Whenever a line in the records below contains "from", pick it out.

-------- DATA SECTION --------

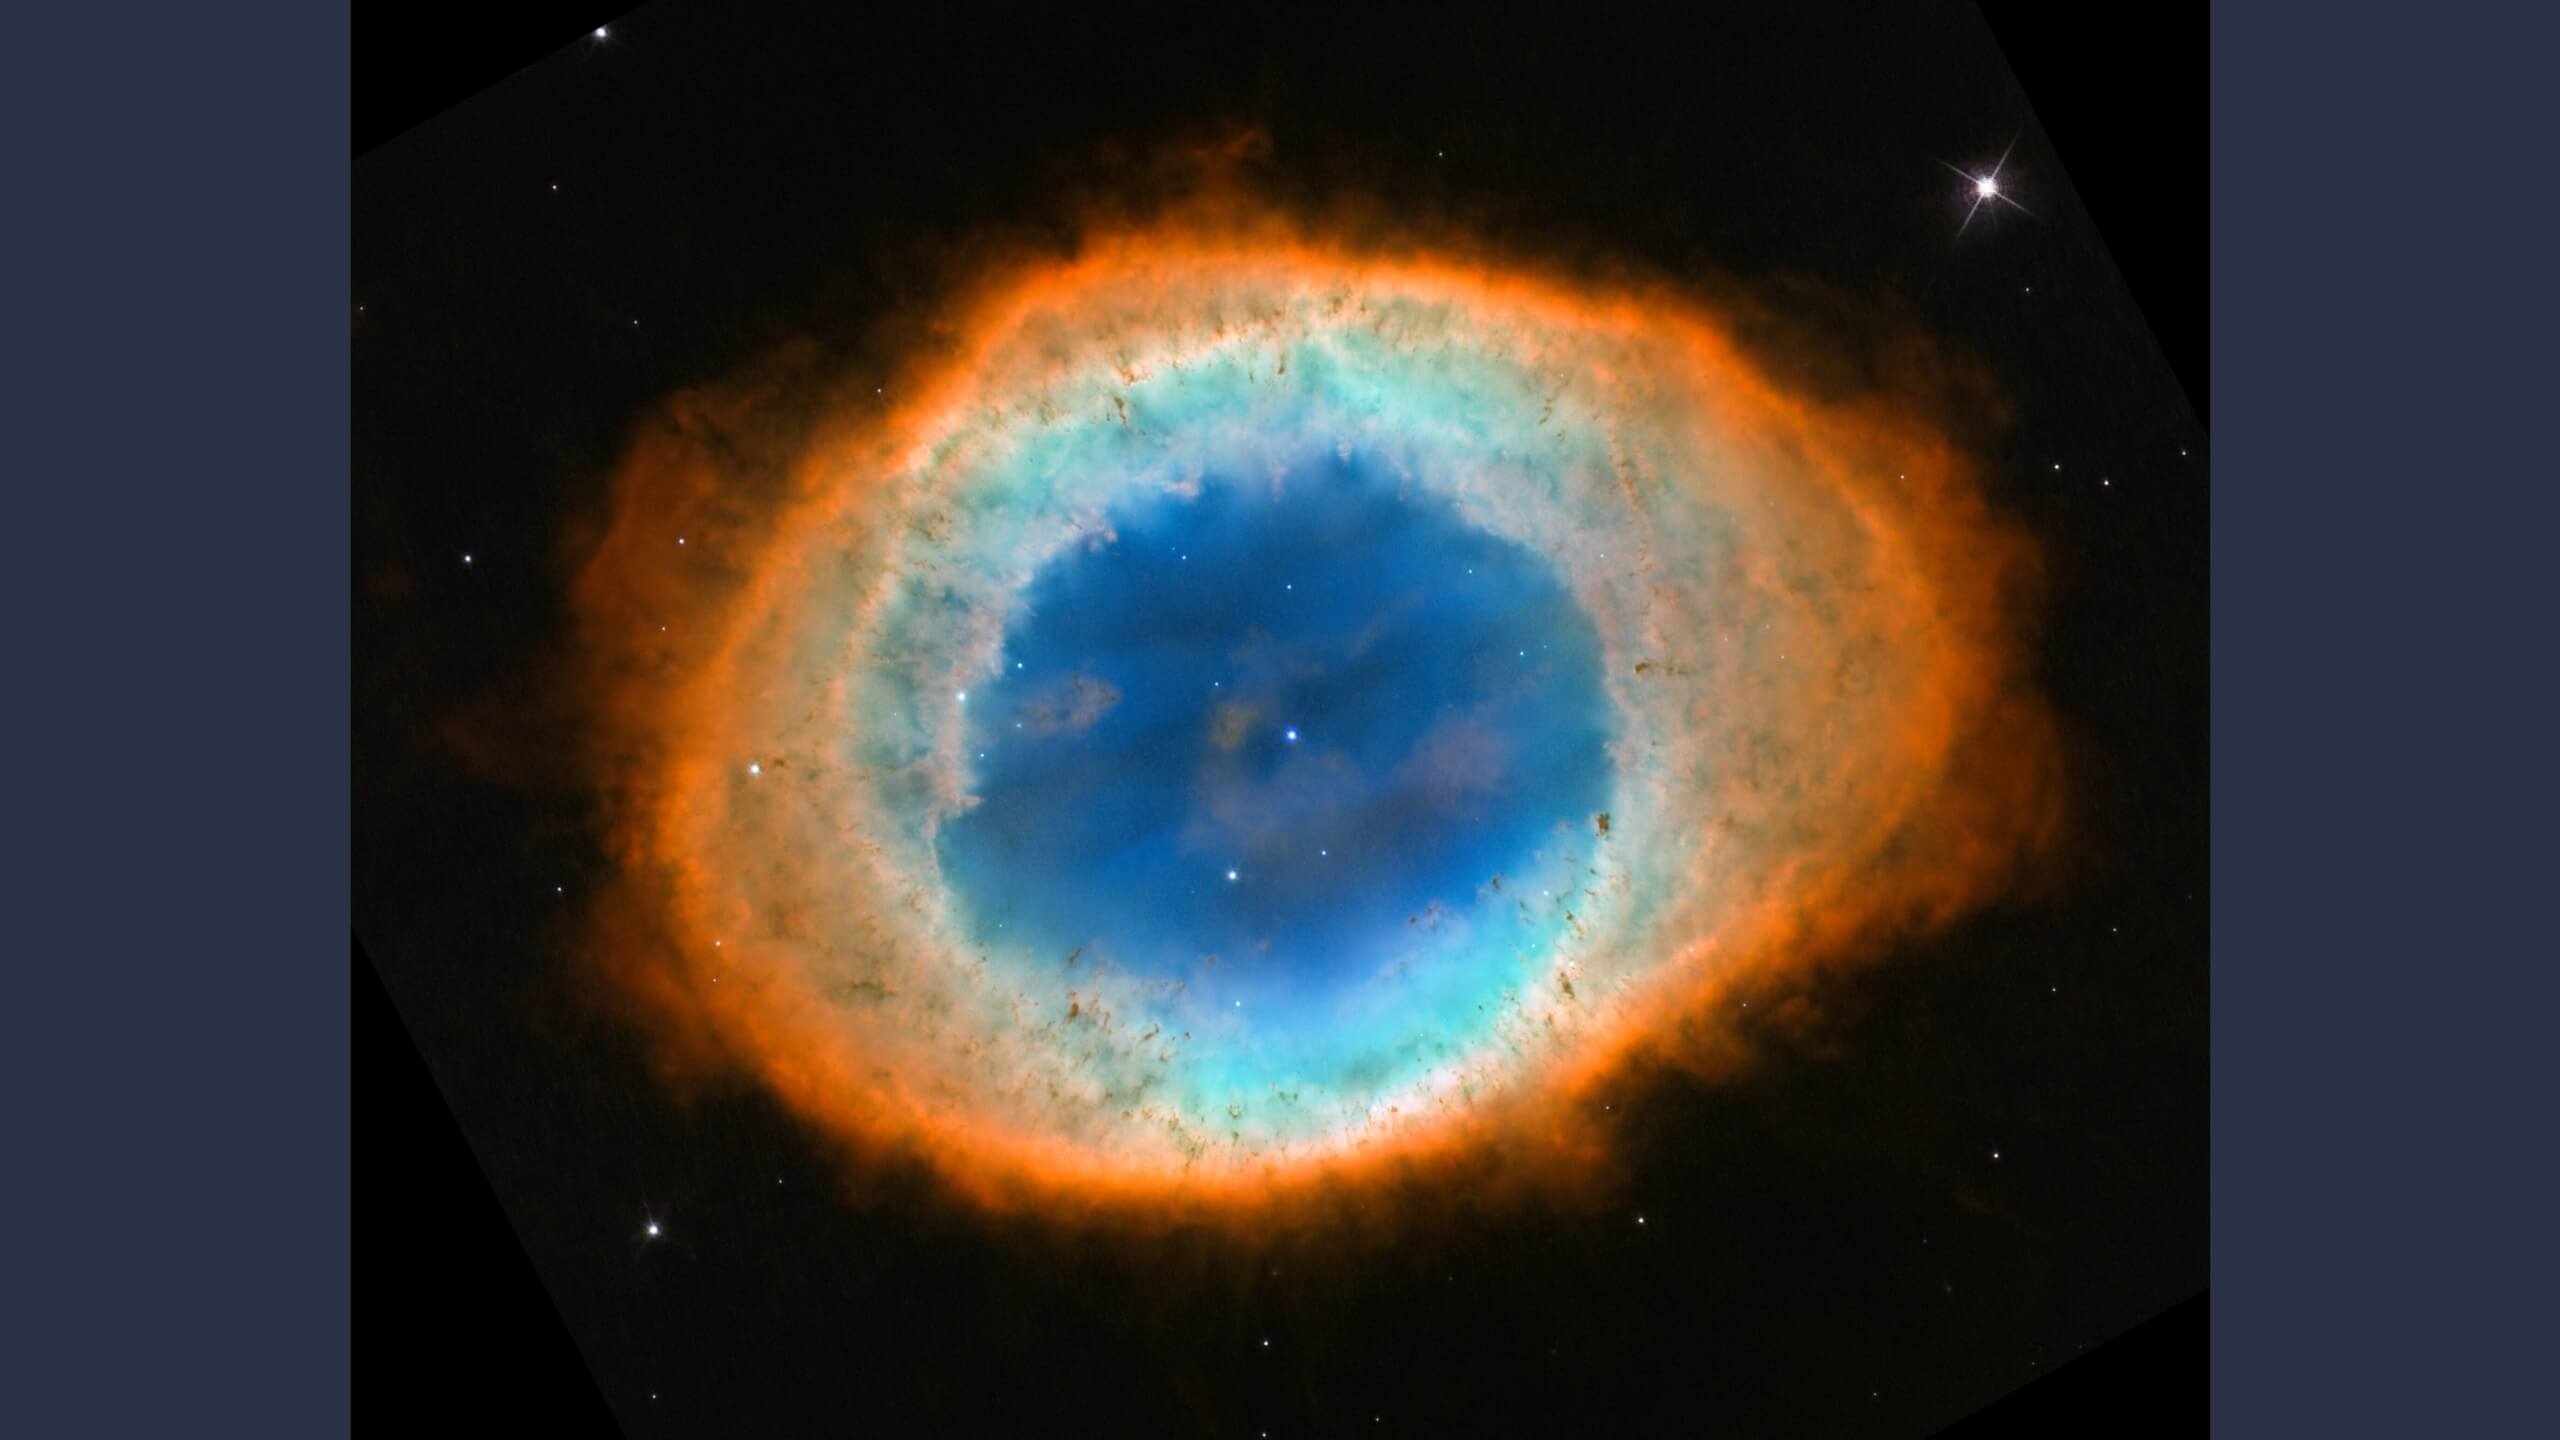 Ring Nebula previously captured by Hubble
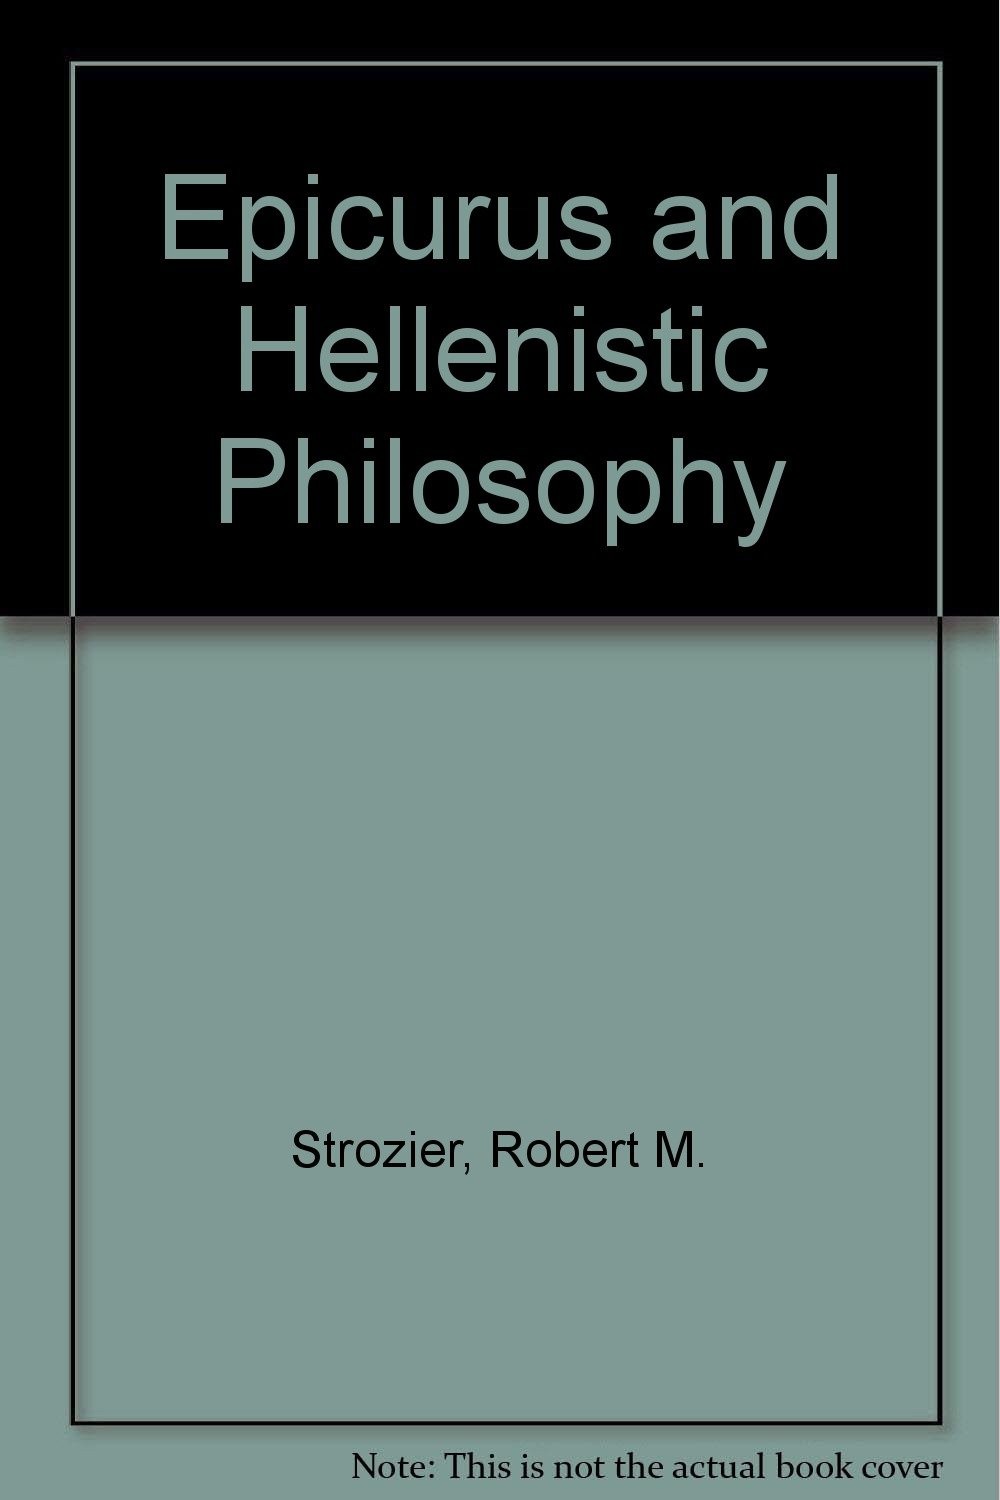 Epicurus and Hellenistic Philosophy
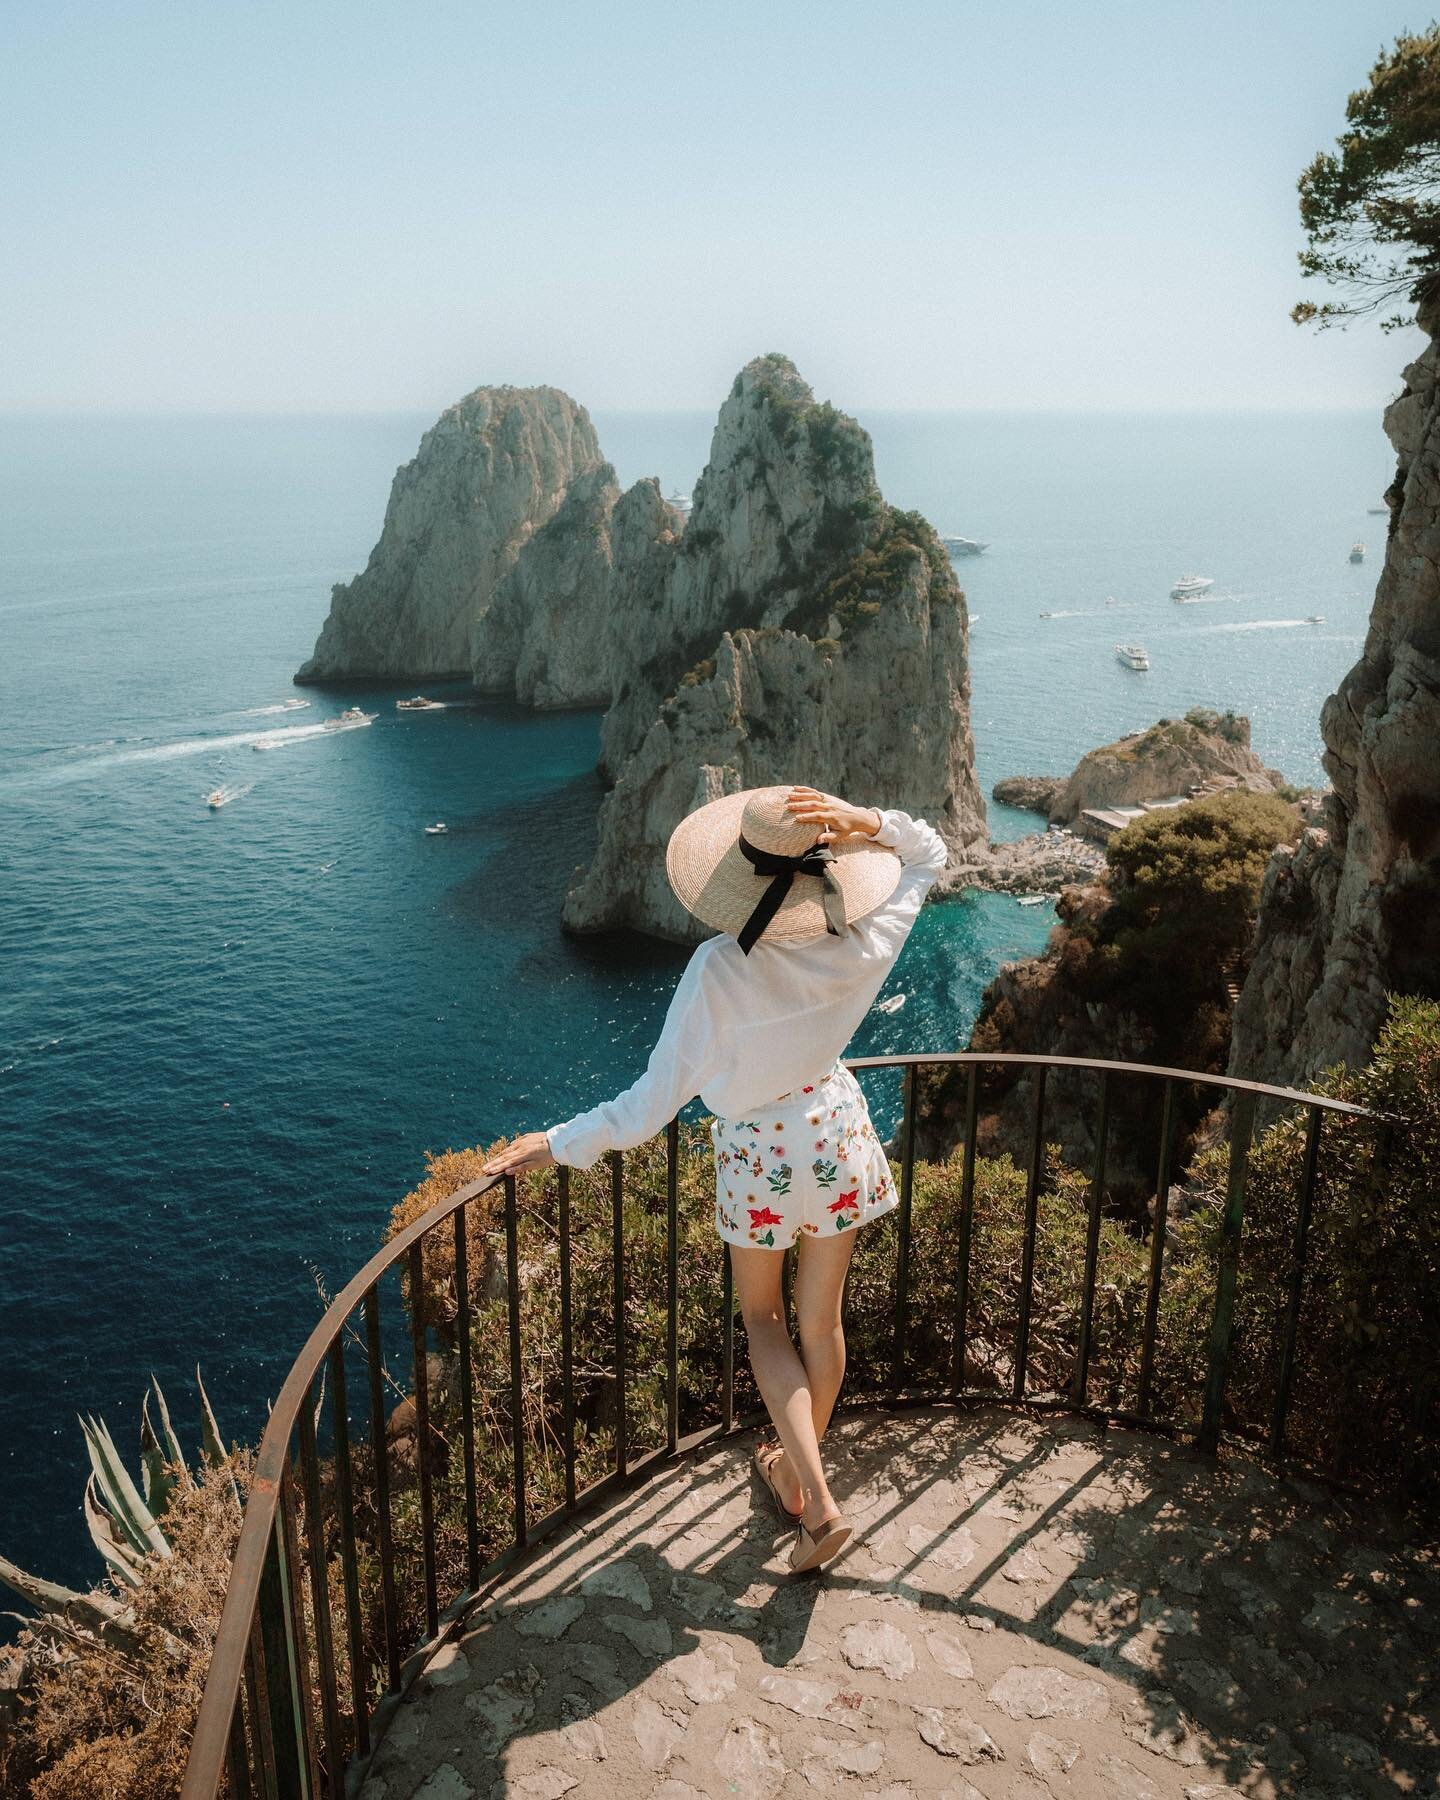 🇬🇧 The best viewpoints in Capri:
1. Punta Cannone
2. Gardens of Augustus
3. Belvedere del Pizzolungo
4. View from Villa San Michele
5. View from Villa Lysis
6. Monte Solaro
7. Belvedere Tragara
More in our highlighted stories from Capri ✨
.
🇵🇱 Na

--------

TASK RESPONSE:
4. View from Villa San Michele
5. View from Villa Lysis
More in our highlighted stories from Capri ✨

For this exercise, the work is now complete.